Still, despite engaging in these kinds of attacks multiple times, the job never got easier. Nor did the nerves fully disappear as they stood, waiting, anticipating, perhaps even fearing what they most certainly knew was coming.
Then the roar of tank engines and tracks cascading over the cracked pavement drowned out all other noise in the vicinity.
But by the time the sound of the armored column’s approach reached the highwaymen, they had already known they were coming.
Not from radio calls, or echoes of gunfire in the distance from other units like theirs. No, it was a far simpler and more natural phenomenon.
On these dusty old roads, the armored column kicked up enough sand to leave a visual sign of its movement from miles away.
Hell, by now these men could tell by the severity of the dust trail with near-exact precision how far away the enemy was.
The gunner’s fingers wrapped around the handwheel, but his grip did not intensify with each passing second as the enemy came closer and closer to him.
Instead, it loosened and relaxed. A sadistic sneer formed across his face, beneath the facemask he wore both to conceal his identity and to keep the dust and debris from affecting him.
After all, when this gun went off it would kick up a storm of its own. And he was prepared for it.
His hands delicately moved the wheel, adjusting the aim both in terms of elevation, pitch, and yaw. The barrel of the gun, painted in a makeshift brush camo like the truck itself, spun into position aiming down at the weakest link in the approaching medium tank’s armor.
And just when the tank reached the perfect spot on the road, the gunner slapped the knob in the center of his handwheel.
A loud and mighty thunderclap cracked across the sky.

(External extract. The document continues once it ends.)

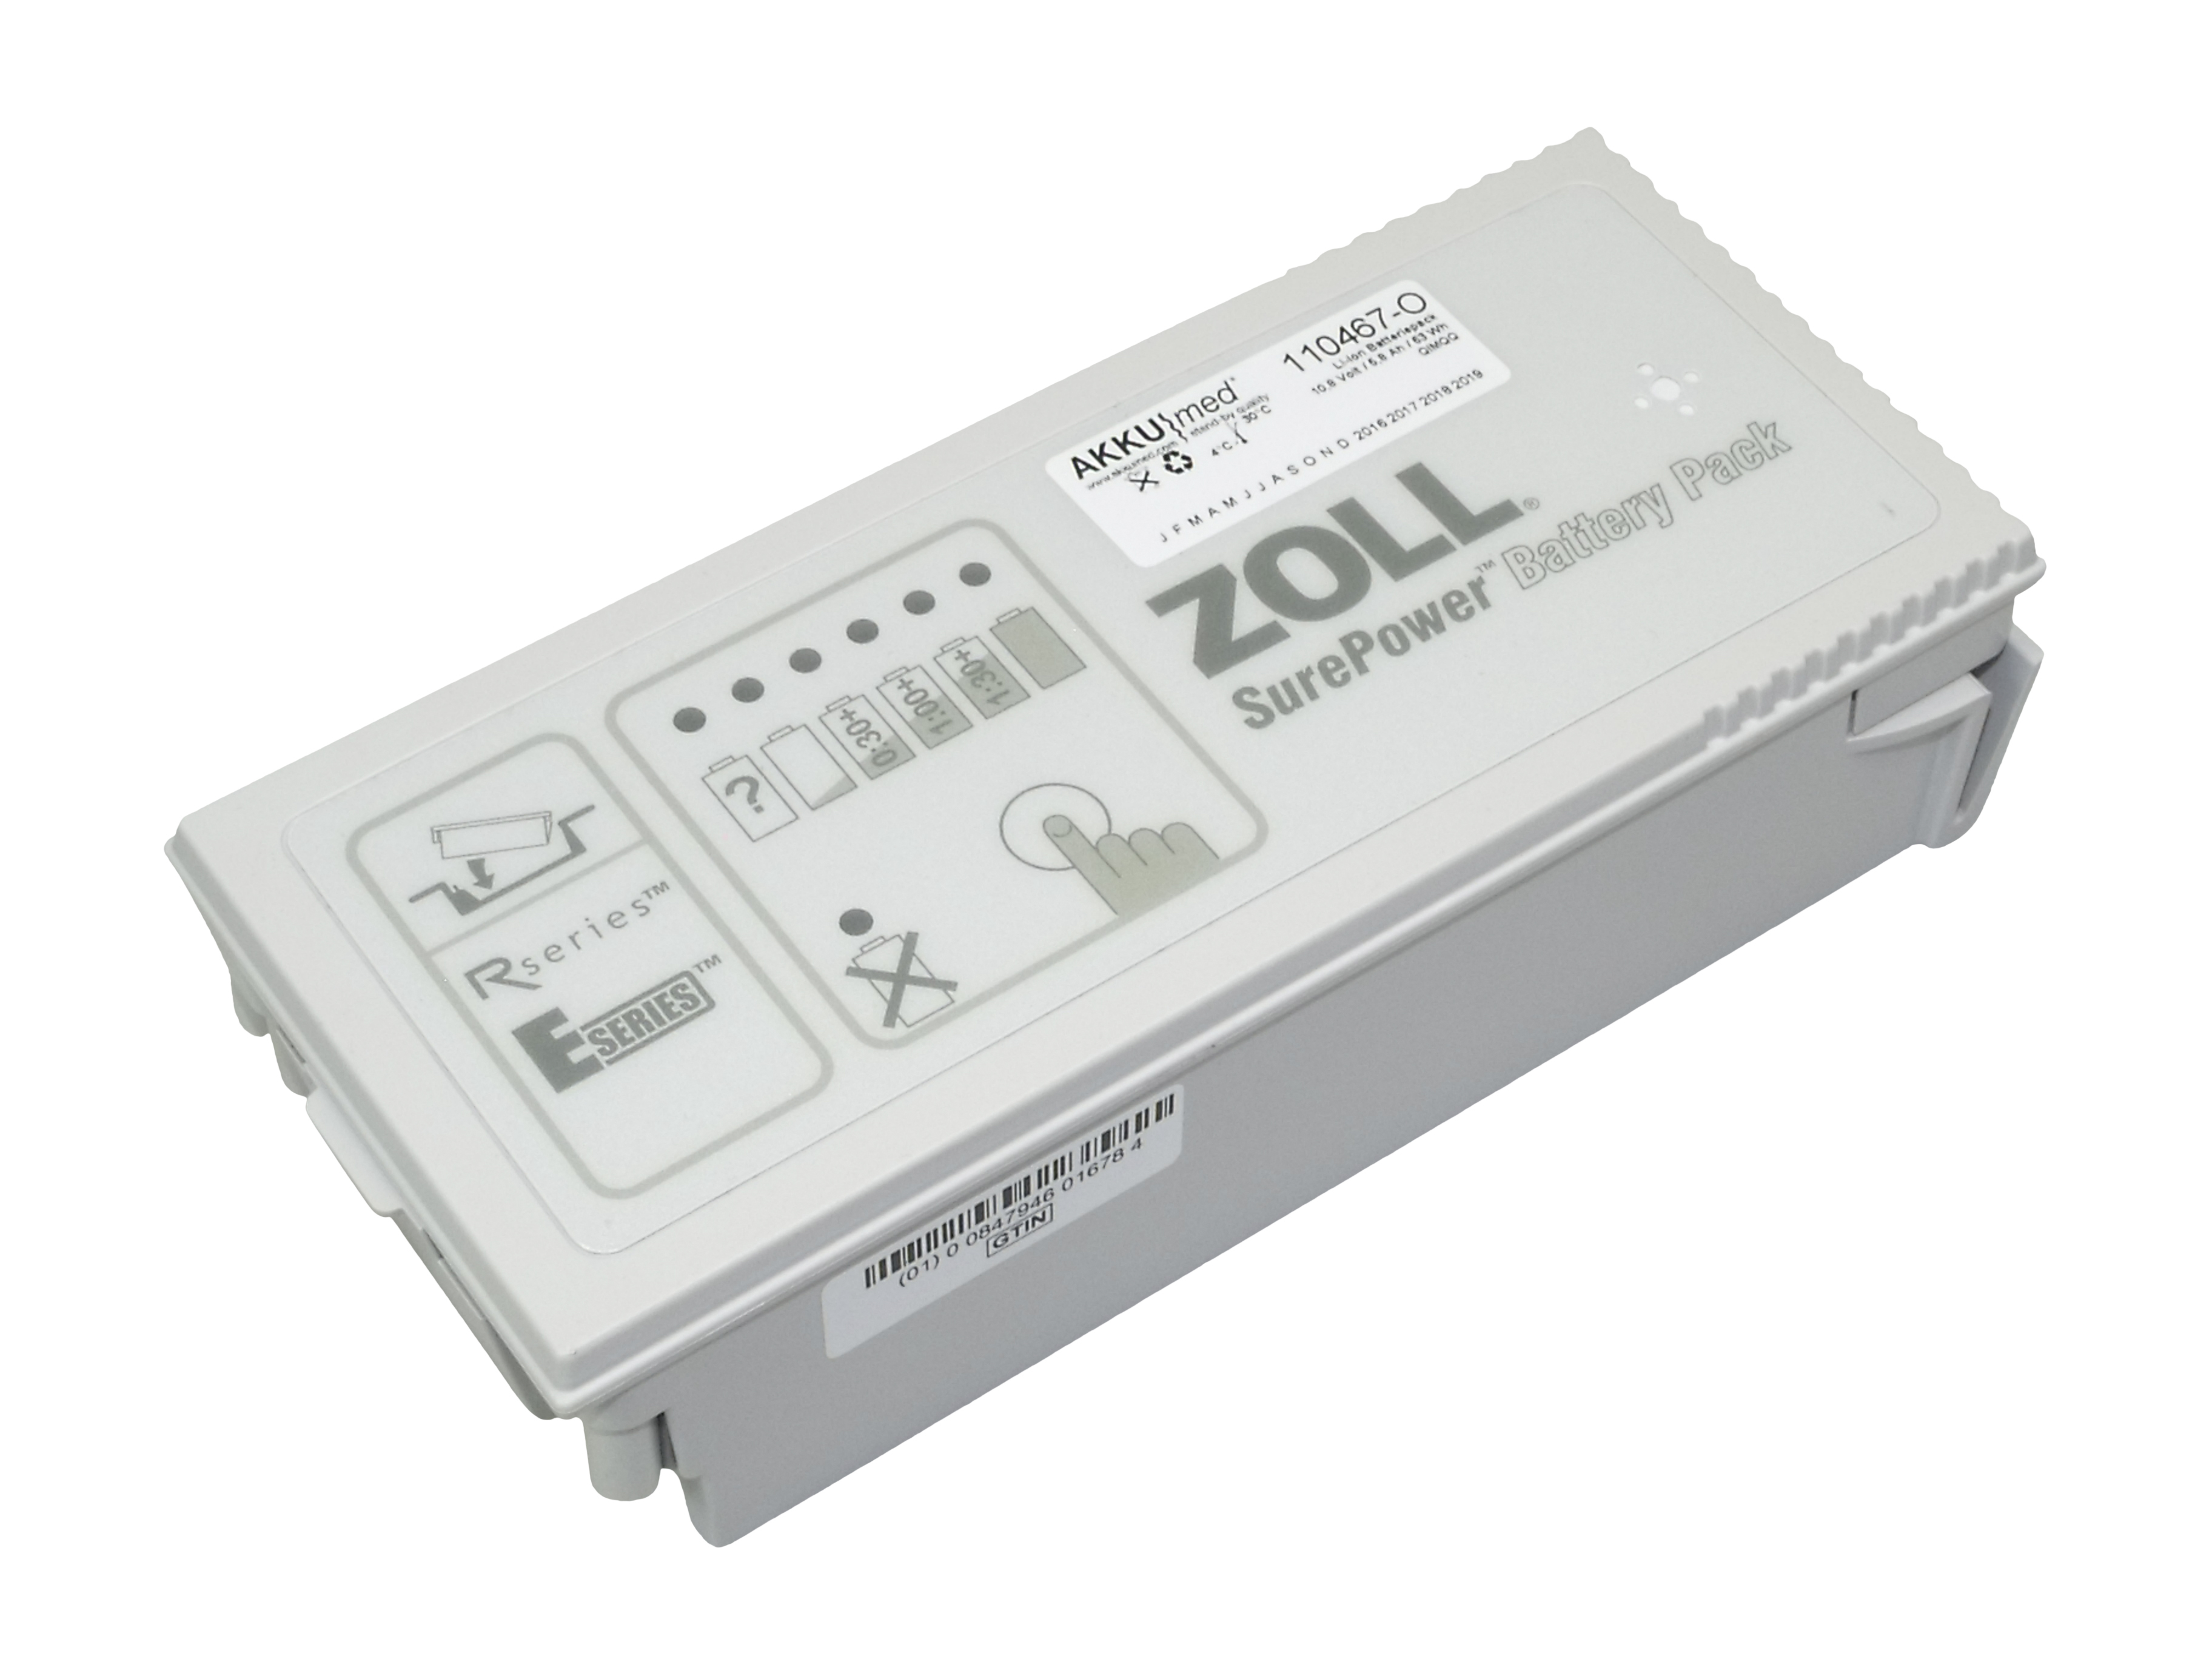 Original Li-Ion Akku Zoll Defibrillator AED Pro, E-Serie

Like Thor striking his hammer, the world threatened to tear itself apart under its ferocity.
But neither the Gunner nor his comrades waited to see the result of their work. Instead, the gunner ejected the spent shell with the pull of a lever, and the reloader inserted a fresh round.
By pushing the same lever forward, the block sealed itself, and with another rapid adjustment of the wheel, the Gunner fired another shot.
The first shell had taken out the lead tank’s tracks, while the second went straight through the weak point on its skirts. Igniting its ammo compartment and killing its crew in the process.
But this was not the only roar of thunder to spread across the valley. Heavy machine guns, autocannons, and other light anti-tank weapons just like this one had gone off in a chorus of fire and chaos.
The valley had turned into a love letter written to Death himself. The Pacific Union’s soldiers tried their best to hold the line and return fire, but by the time they could get their wits about them, the attackers had already pulled up their anchors, jumped in their trucks, and driven off.
Leaving behind only a trail of dust and a pile of bodies as proof that they had ever even been there to begin with.
By the time the convoy recovered and left their dead behind another ambush was already lying in wait further down the line.
The Union’s men would not make it to the target of their assault, because they would be a feast for carrion long before they ever touched the outskirts of the Devil’s Oasis in Reno.